La publicación del documento ‘Episcopalis communio’ constituye la confirmación de que el pontificado de Francisco se está configurando como el centro de comunión de una Iglesia más corresponsable y más ecuménica.
El Concilio Vaticano II señaló la urgencia de cambiar el modelo eclesial, pero la teología y el estilo de gobierno personalista tradicional, anclado en el Concilio Vaticano I, lo impidieron.

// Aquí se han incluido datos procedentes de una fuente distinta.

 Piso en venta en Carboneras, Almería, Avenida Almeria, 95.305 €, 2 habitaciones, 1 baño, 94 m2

La colegialidad marcó el Concilio y espoleó la teología, pero quedó como un desiderátum maltratado por el concilio de Holanda, la crisis del 68, el desconcierto de la secularización y la descristianización galopante.
Todos interpretaron el anuncio de Pablo VI de la nueva figura del sínodo episcopal –efectuado un 15 de septiembre, fecha en la que Francisco ha querido firmar también esta nueva constitución apostólica– como la determinación de adelantarse al deseo mostrado por el Concilio de un sínodo más estable. Y con más autoridad. De hecho, la historia de estos sínodos ha resultado mediocre y escasamente fecunda.

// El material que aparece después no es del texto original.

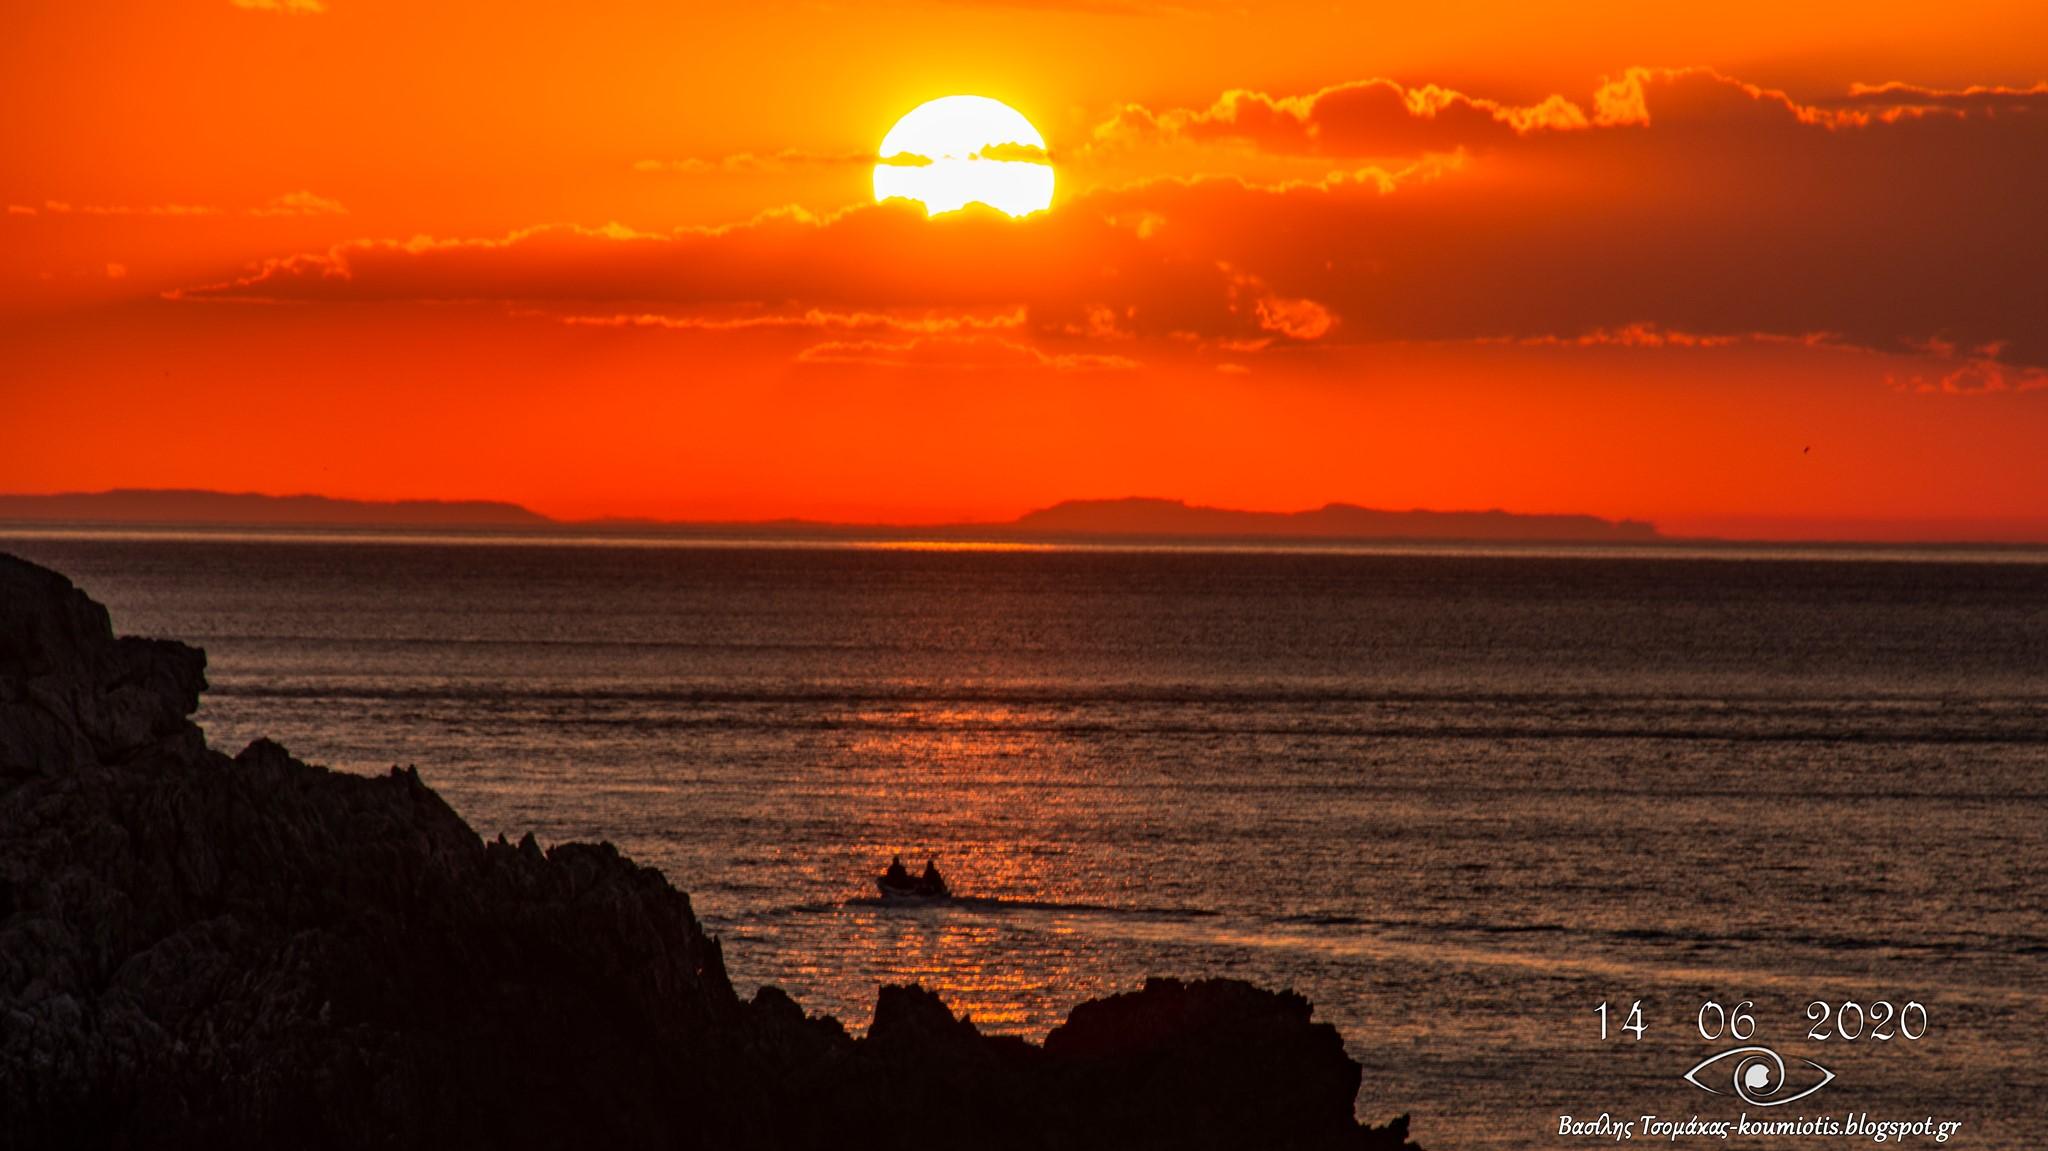 Κύμη Ευβοίας: Το θέαμα του ηλιοβασιλέματος που θα σας αφήσει άφωνους, Κύμη Ευβοίας: Το θέαμα του ηλιοβασιλέματος που θα σας αφήσει άφωνους, Eviathema.gr | ΕΥΒΟΙΑ ΝΕΑ - Νέα και ειδήσεις από όλη την Εύβοια

Ese nuevo sínodo –aparentemente el antiguo– que será inmensamente más representativo de la Iglesia, afrontará todos los temas que le presente el Papa y podrá gozar, en su caso, con el aval inmediato de la autoridad pertinente. No será la Iglesia sinodal ortodoxa, pero sí la Iglesia sinodal romana.
Esta constitución apostólica da un salto vertiginoso, aparentemente utilizando los mismos mimbres de siempre. Parece no cambiar mucho y puede cambiar todo. El centro absoluto de comunión sigue siendo el obispo de Roma, pero todas las diócesis están convocadas a ser comunidades en las que todos sus miembros están llamados a sentirse partícipes.